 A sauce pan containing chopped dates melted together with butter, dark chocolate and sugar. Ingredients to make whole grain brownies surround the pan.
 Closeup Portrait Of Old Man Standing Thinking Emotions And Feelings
...
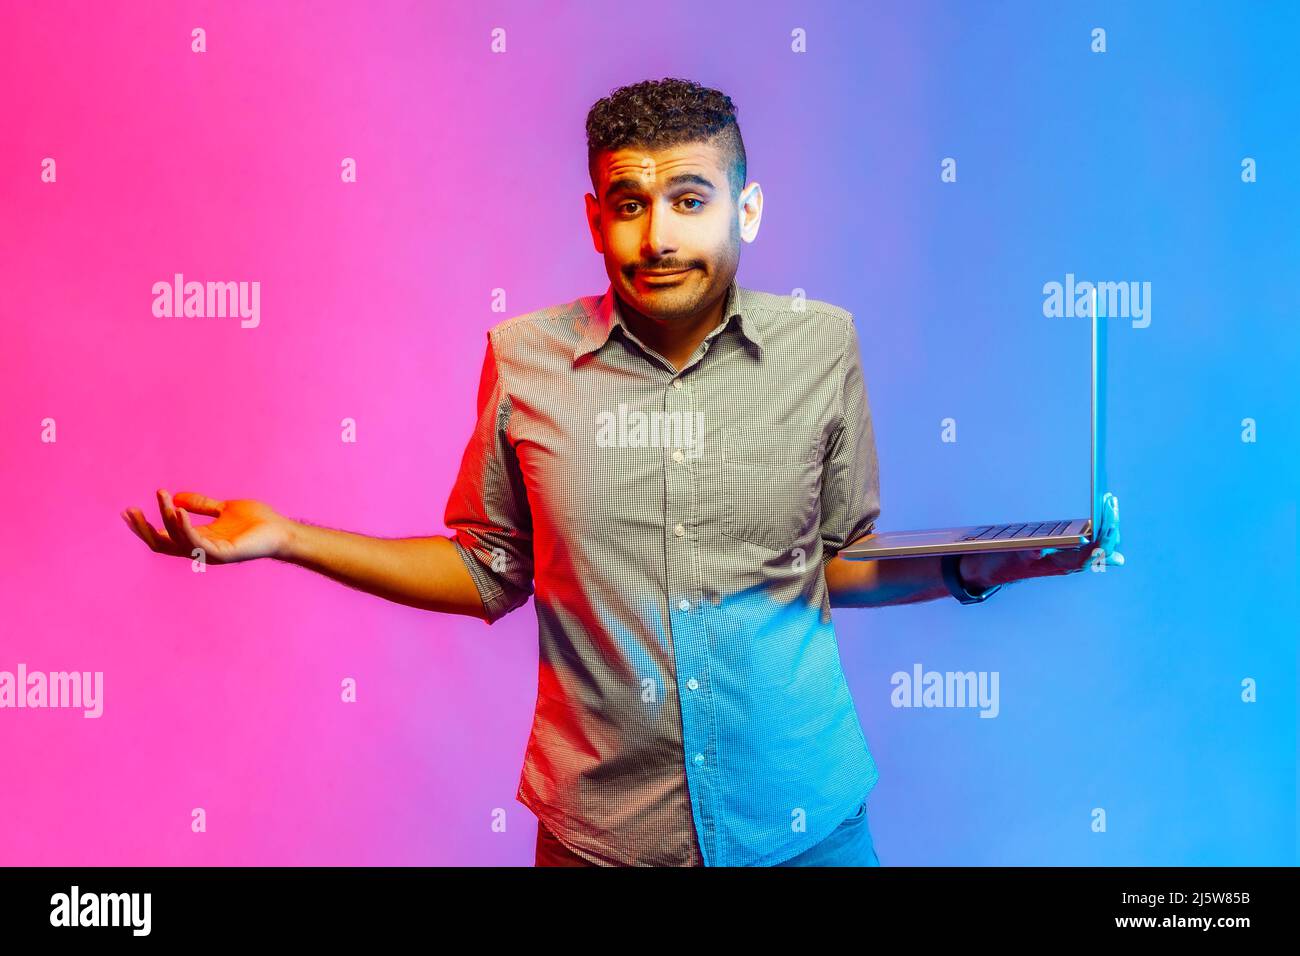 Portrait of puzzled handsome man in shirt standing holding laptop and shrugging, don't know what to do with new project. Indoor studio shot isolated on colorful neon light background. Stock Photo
---
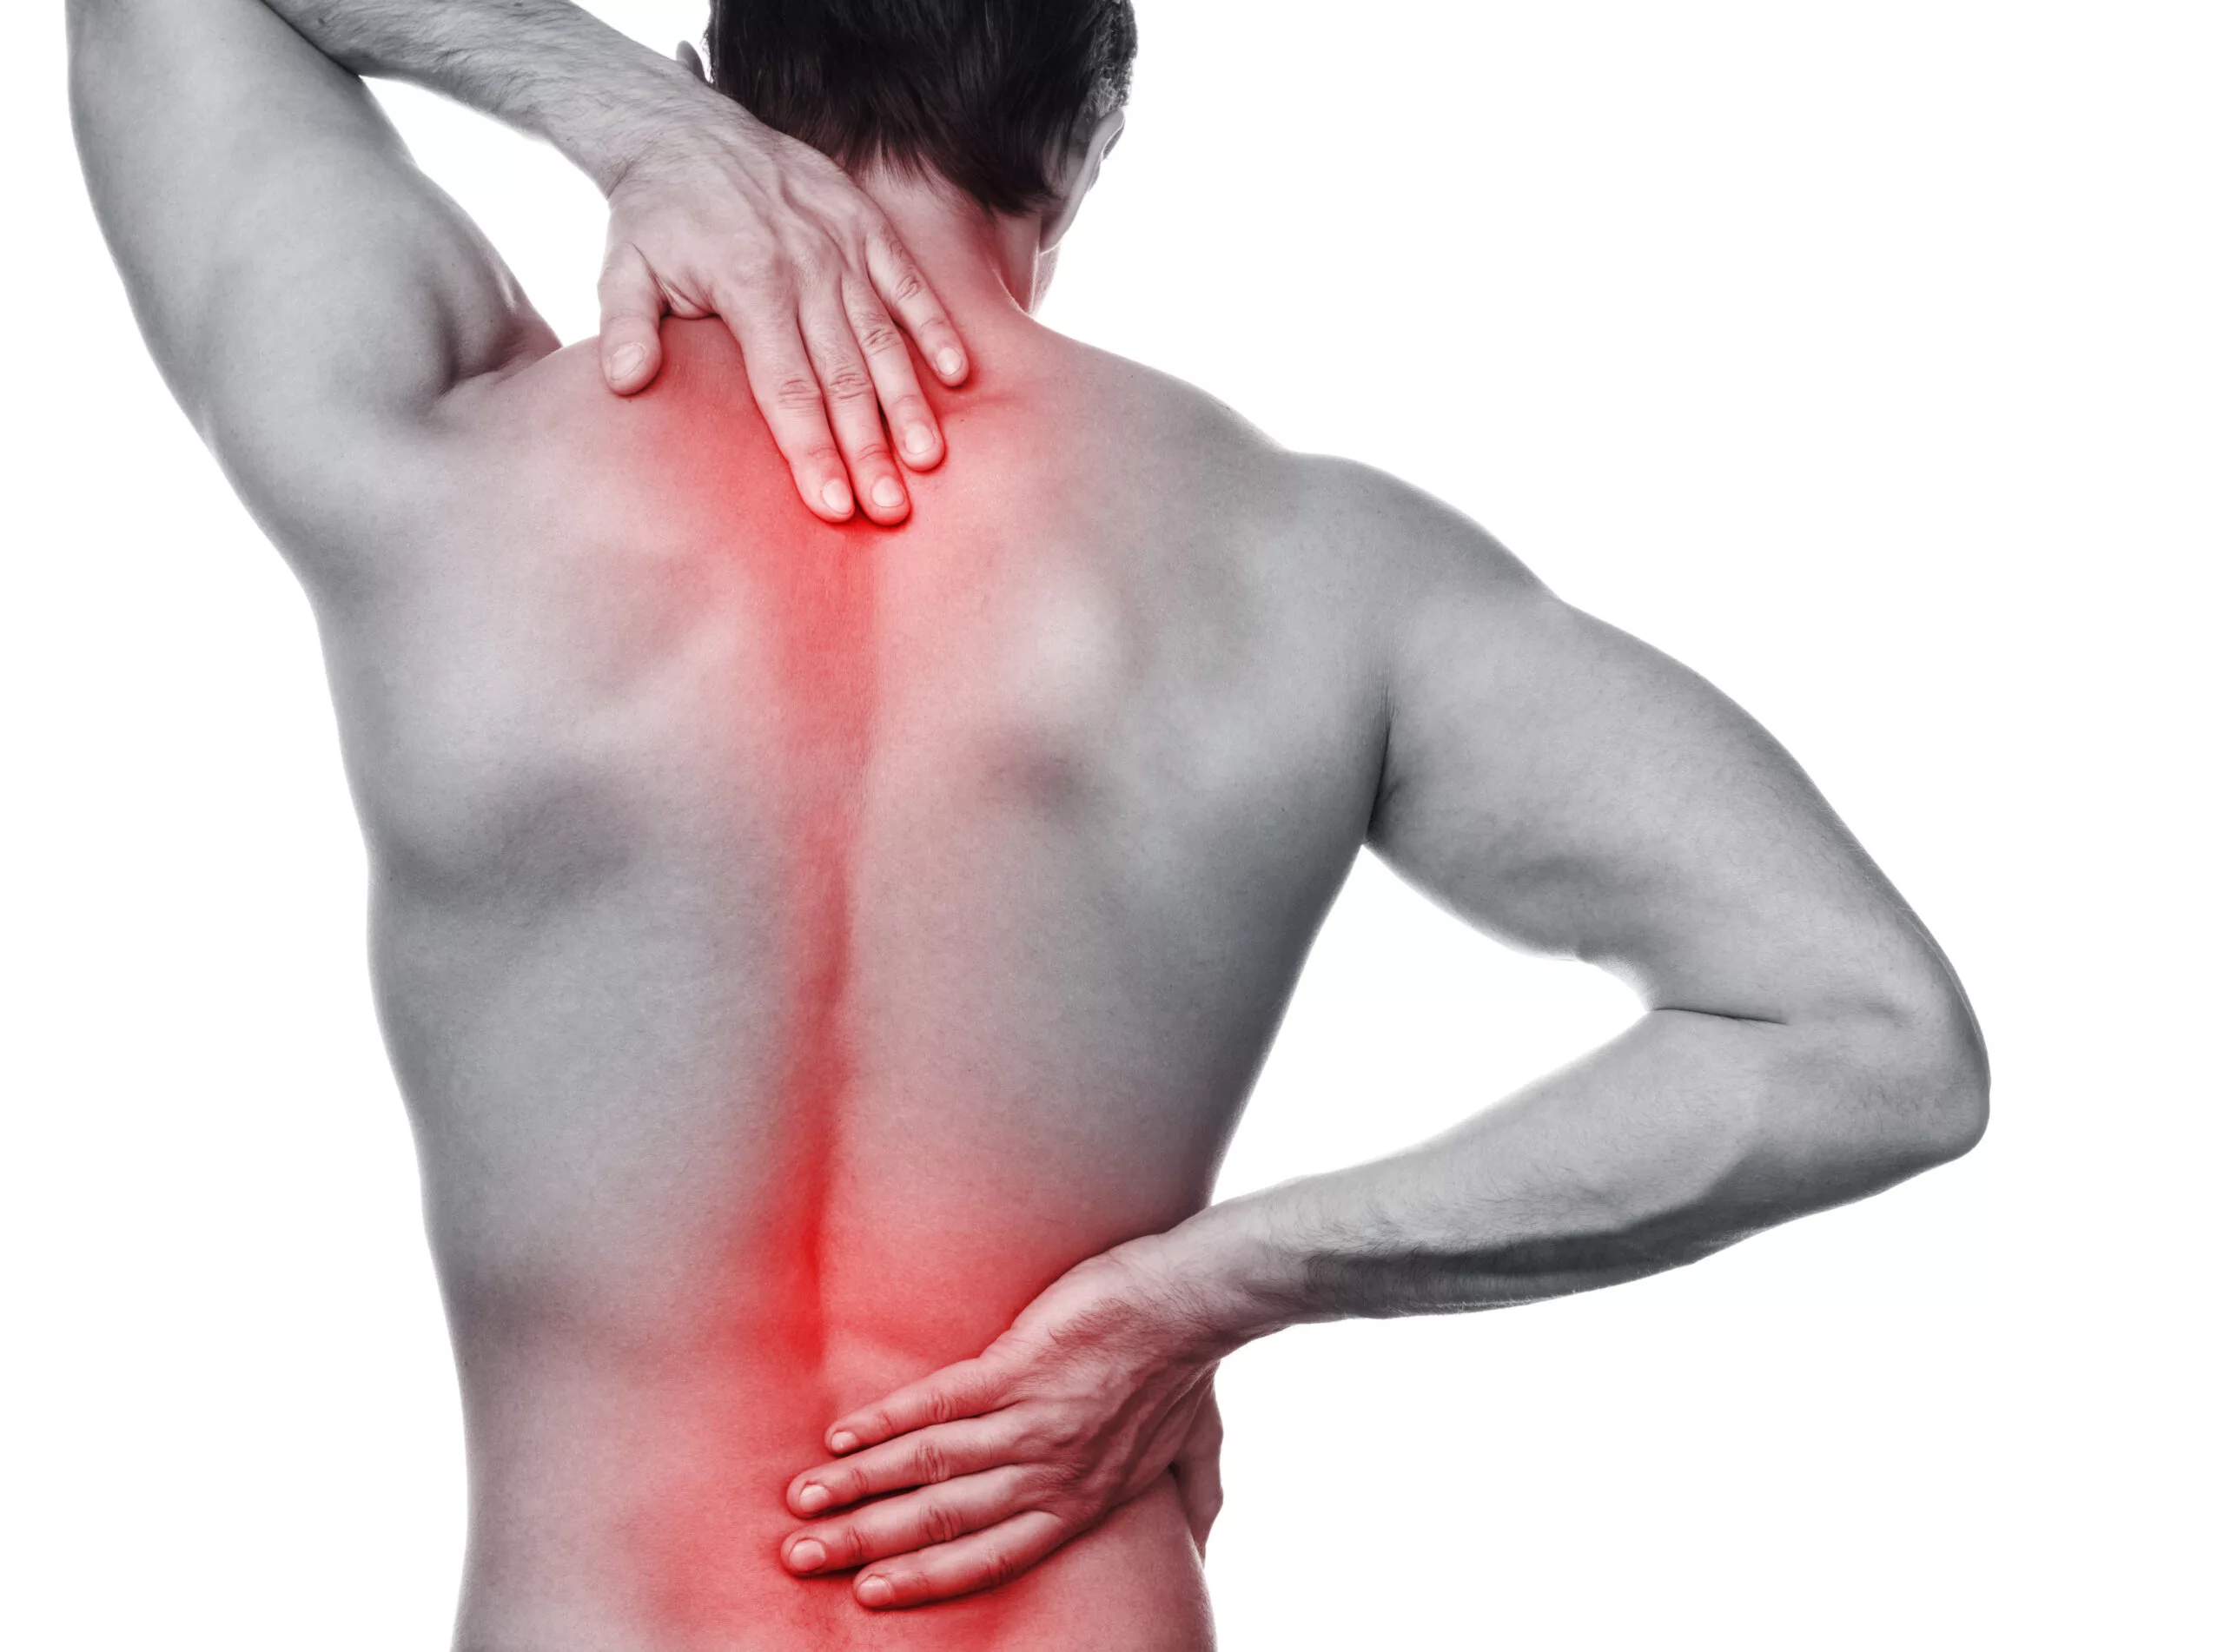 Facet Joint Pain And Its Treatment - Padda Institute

> [WHAT IS REQUIRED] Reproduce, character for character, only the lines of the preceding data that start at the line with "A sauce pan" and end at the line with "Closeup Portrait Of", both included.

> [SOLUTION TO THIS EXERCISE]
 A sauce pan containing chopped dates melted together with butter, dark chocolate and sugar. Ingredients to make whole grain brownies surround the pan.
 Closeup Portrait Of Old Man Standing Thinking Emotions And Feelings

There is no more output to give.